Tulsa County district attorney Steve Kunzweiler. Frontier file

Despite a perhaps more spirited than anticipated election night, Tulsa County District Attorney Steve Kunzweiler held off Democratic challenger Jenny Proehl-Day to win a second term.

Kunzweiler, the Republican candidate who first succeeded his former boss Tim Harris as DA in 2014, jumped out to a slight early lead Tuesday night and slowly built his advantage over Proehl-Day, a former prosecutor who now works in private practice.

It was surprisingly close given that Proehl-Day had little name recognition, is a Democrat, and ran a progressive platform of criminal justice reforms — even recently stating she would not prosecute marijuana offenses if elected. Kunzweiler, who has been a prosecutor for nearly three decades, eventually defeated her by the same margin he won over Republican challenger Ben Fu last summer.

Fu, like Proehl-Day, ran a progressive platform, though he had a large fundraising advantage over Kunzweiler. Fu also had the endorsement of the local fraternal order of police, who had clashed with Kunzweiler after he charged former Tulsa Police Department officer Betty Shelby in the 2016 death of Terence Crutcher (Shelby was eventually acquitted.)

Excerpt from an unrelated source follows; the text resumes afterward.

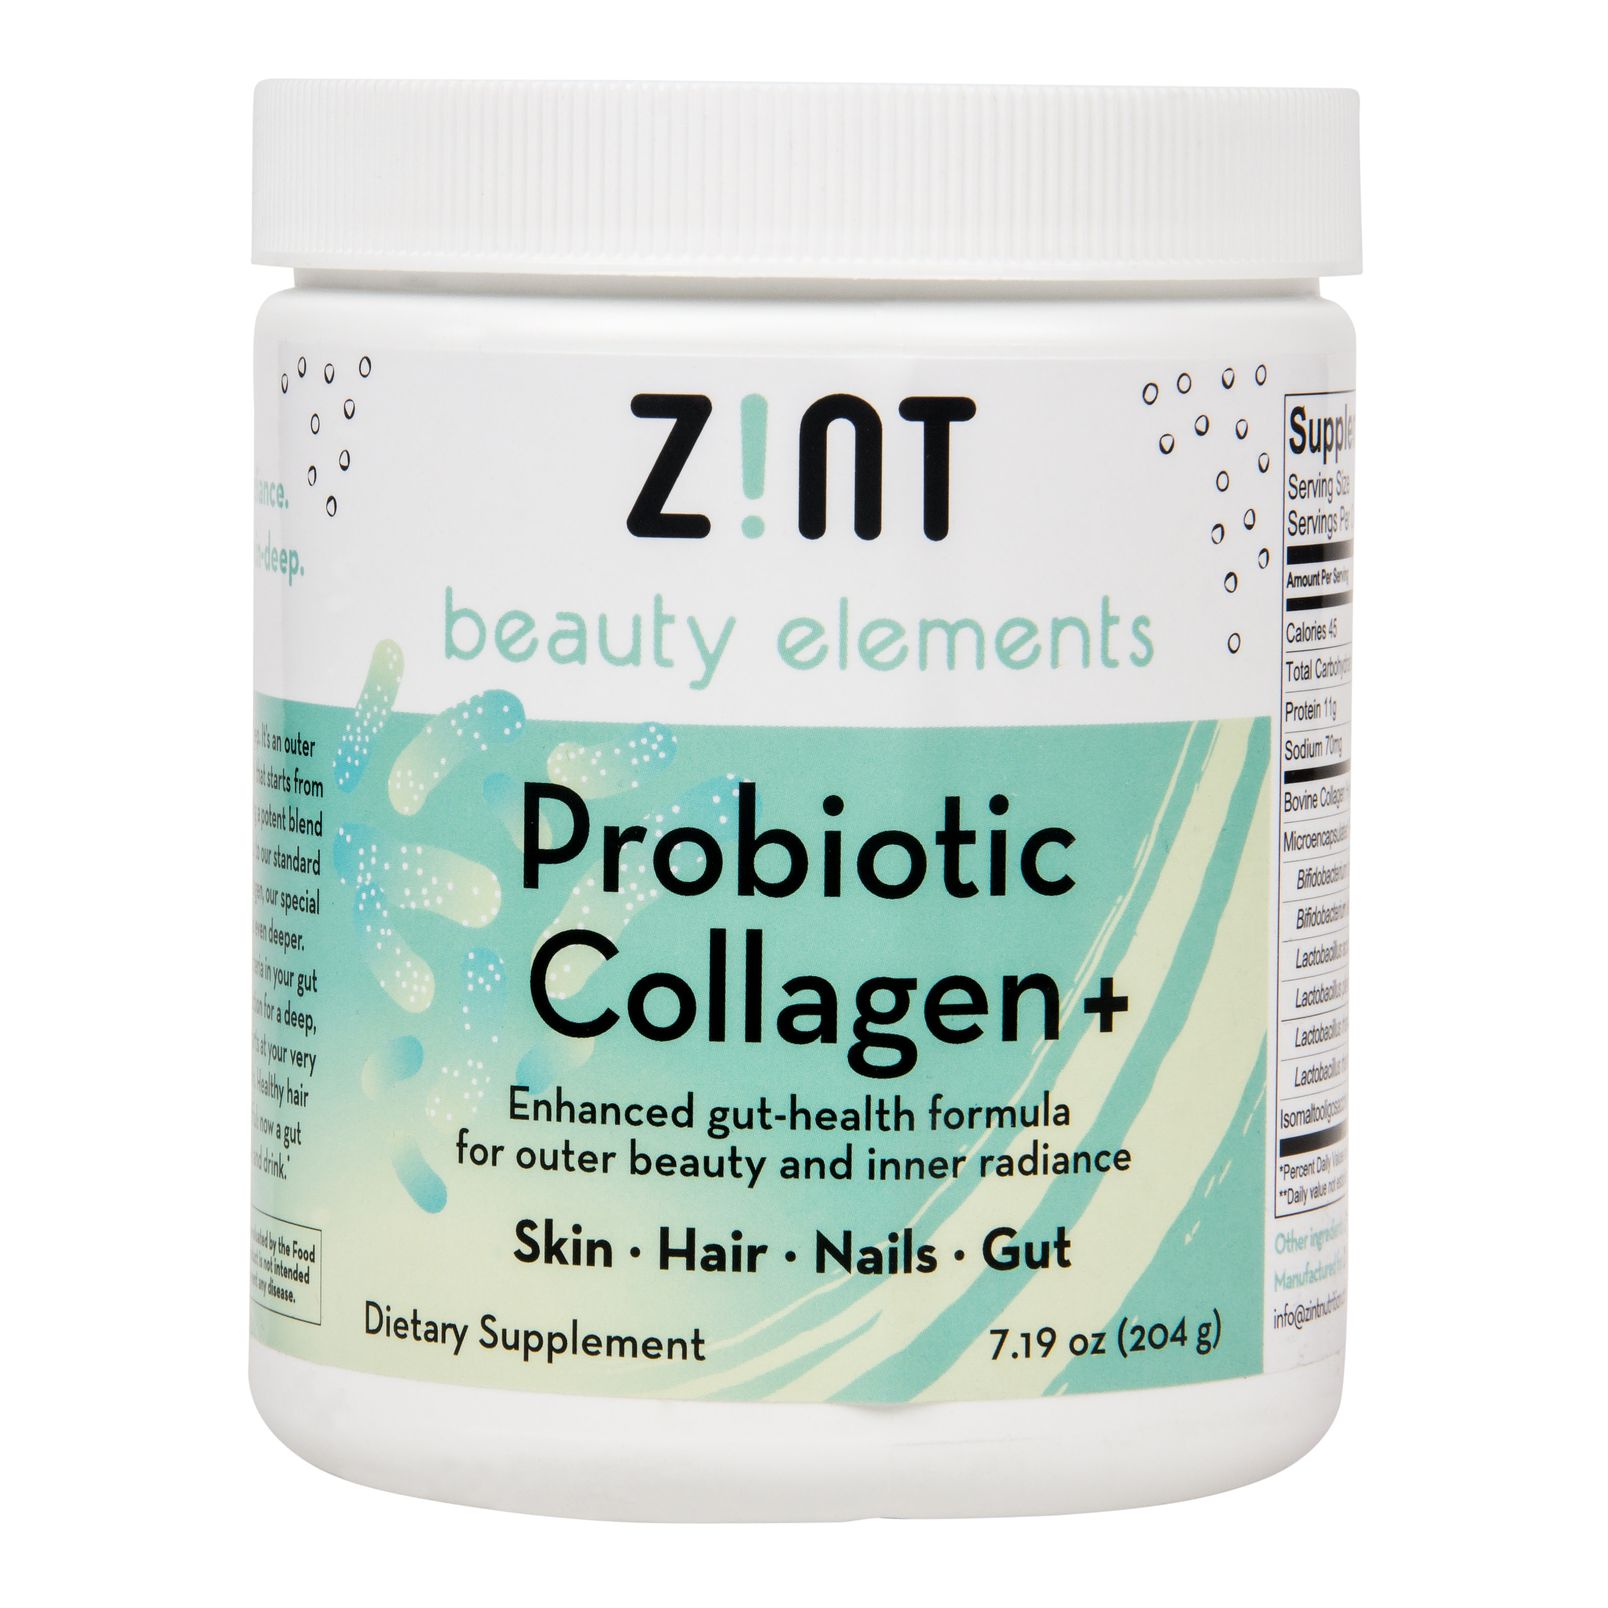 Новый коллаген. Probiotic Collagen +, for Skin, hair, Nails, gut, Zint, 7.19 oz, 204 g. Коллаген бычий айхерб. Zint Beauty elements.

Though Oklahoma voters have signaled they approve of criminal justice reform — easily passing two reform state questions in 2016 — they have stuck by Kunzweiler this election cycle. Kunzweiler, despite not exactly siding with reforms that voters have favored — and clashing with both Fu and Proehl-Day over various reform-minded topics — has maintained a firm grip on the office since his first election in 2014.

Nevertheless, he has now charged three police officers with shootings — Tulsa County Sheriff’s Office reserve deputy Robert Bates, Shelby and Shannon Kepler (an off-duty officer who shot and killed an unarmed black teen in 2015) — earning convictions on both Bates and Kepler.